No Monkey Business . . . Court Rules Chimps Don’t Have Human Rights
A New York Judge recently heard a case brought by an activist claiming that chimpanzees should be afforded the same legal rights as humans. Although Judge Barbara Jaffe ruled that they don’t possess any such rights, the opinion was a strange one, and it seems that she was initially inclined to grant them such rights but felt constrained by some pesky legal precedent to the contrary.
The case involved two research chimpanzees named Hercules and Leo. Lawyers for the Nonhuman Rights Project alleged that the chimps were entitled to rights that the legal system has previously recognized as applying only to humans. The lawyers asked for a writ of habeas corpus authorizing the transfer of the animals from captivity at a state university to an animal sanctuary in Florida. They argued that “because chimpanzees possess fundamental attributes of personhood in that they are demonstrably autonomous, self-aware, and self-determining and otherwise are very much like humans, ‘justice demands’ that they be granted fundamental rights of liberty and equality afforded to humans.”

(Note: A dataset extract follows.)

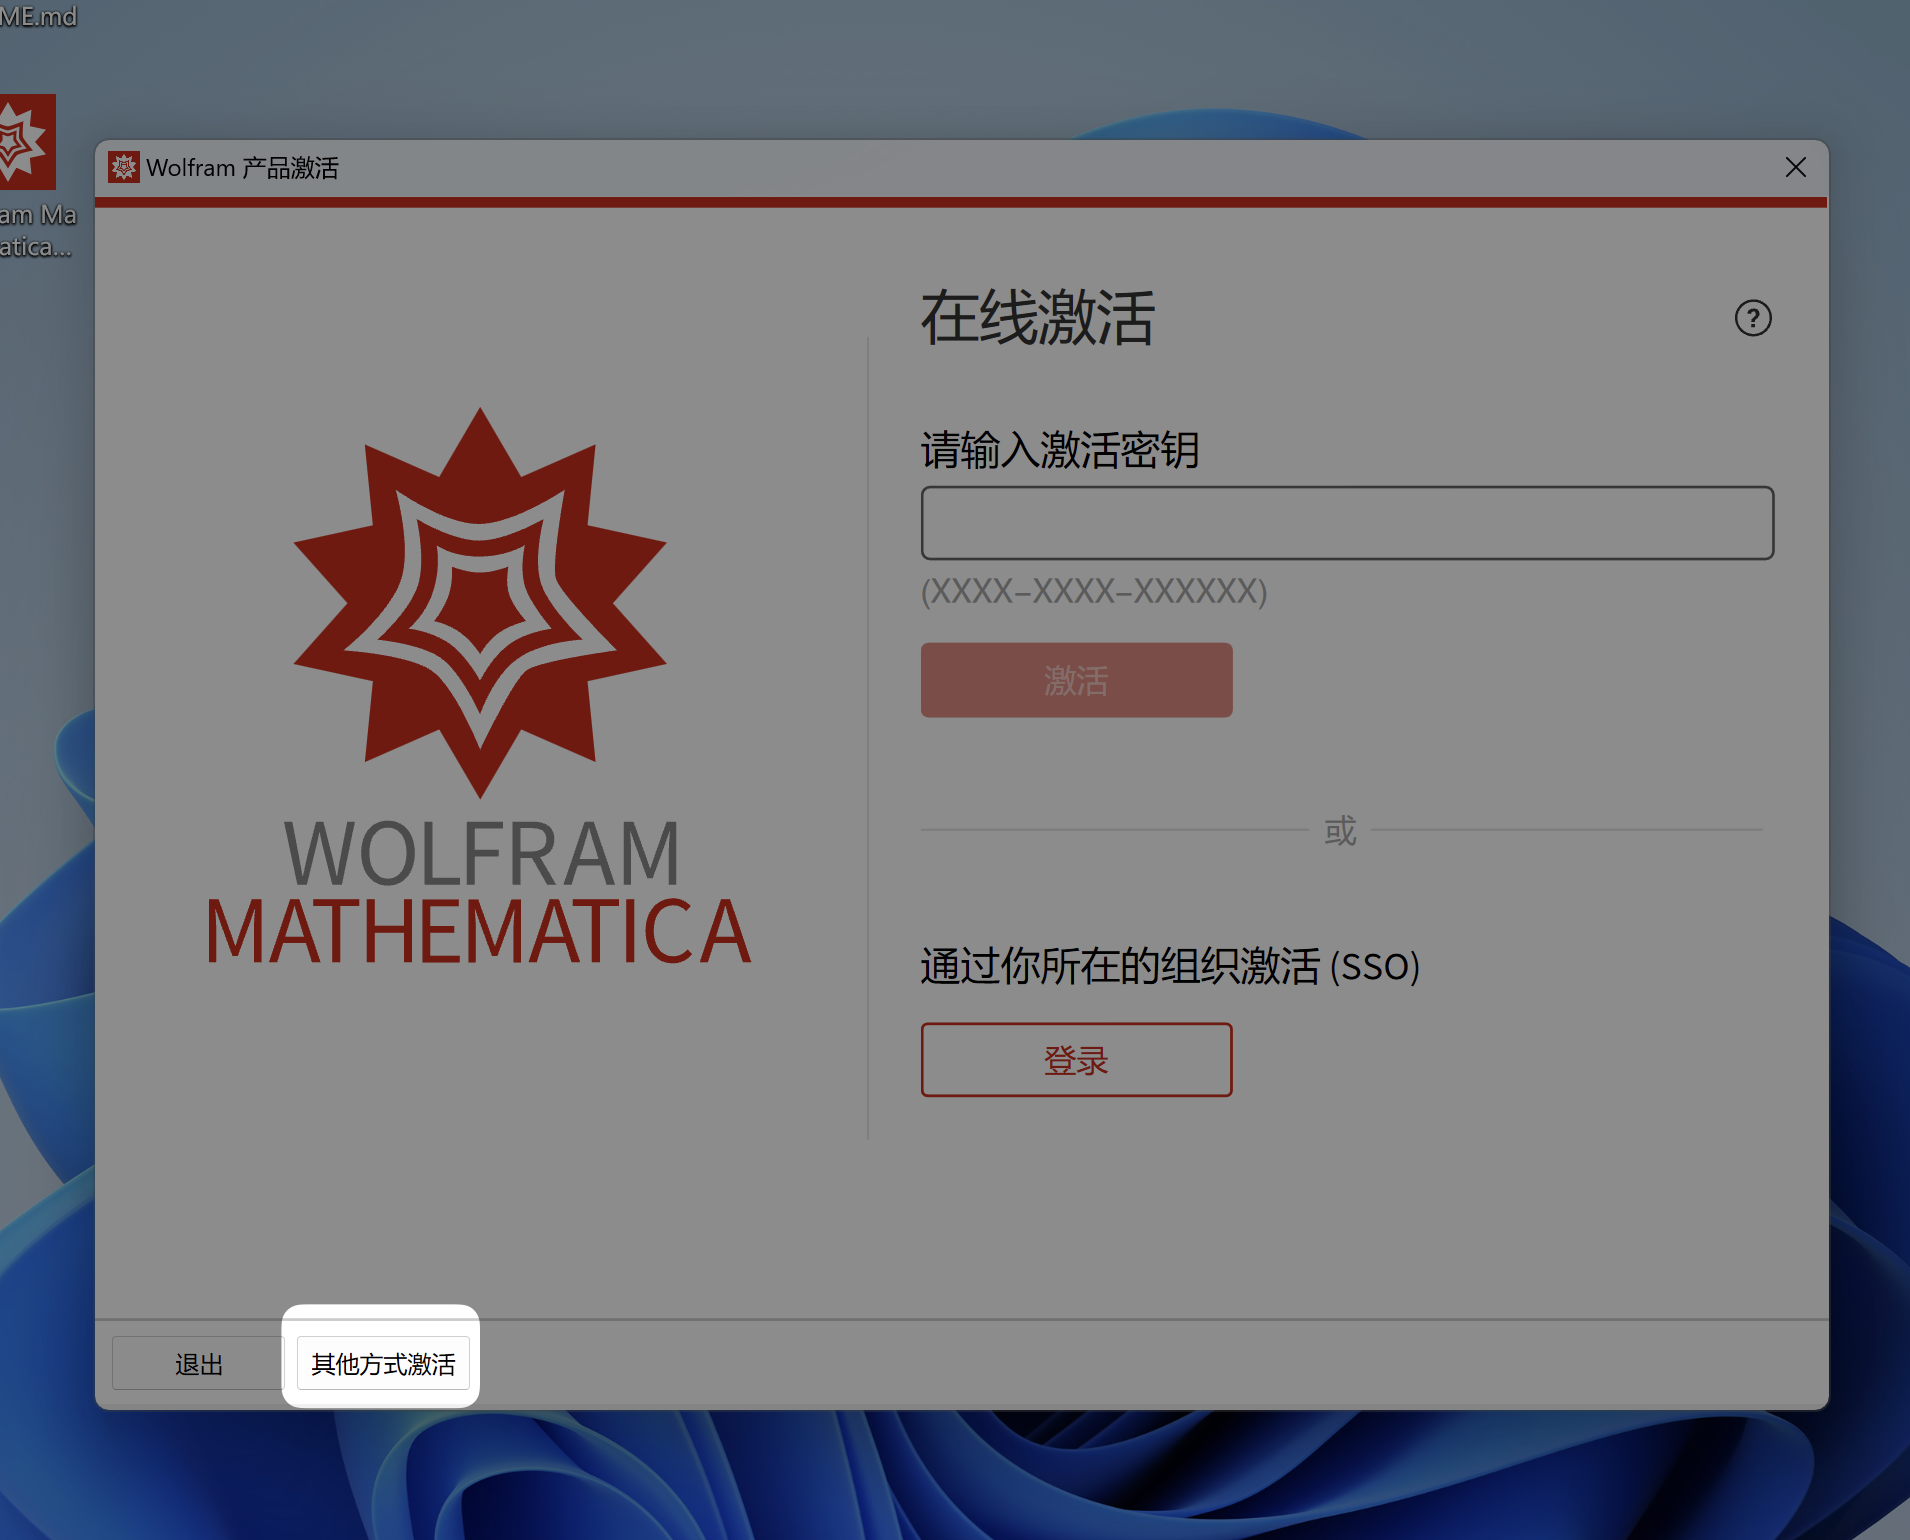 「互联网速记」也许是最优雅的 Wolfram Mathematica 破解方式 - 6

Such a grant of rights would have marked a first for a court in the United States. Ultimately, the judge concluded that she was bound by an earlier ruling by a New York appellate court that held that chimps are not entitled to legal person status because of their inability to take on duties or responsibilities. However, Judge Jaffe suggested that the legal system was evolving on the issue just as it did in the debate over gay marriage. In so doing, she cited a handful of cases granting narrowly expanded rights to animals and stated that this was ultimately question of public policy.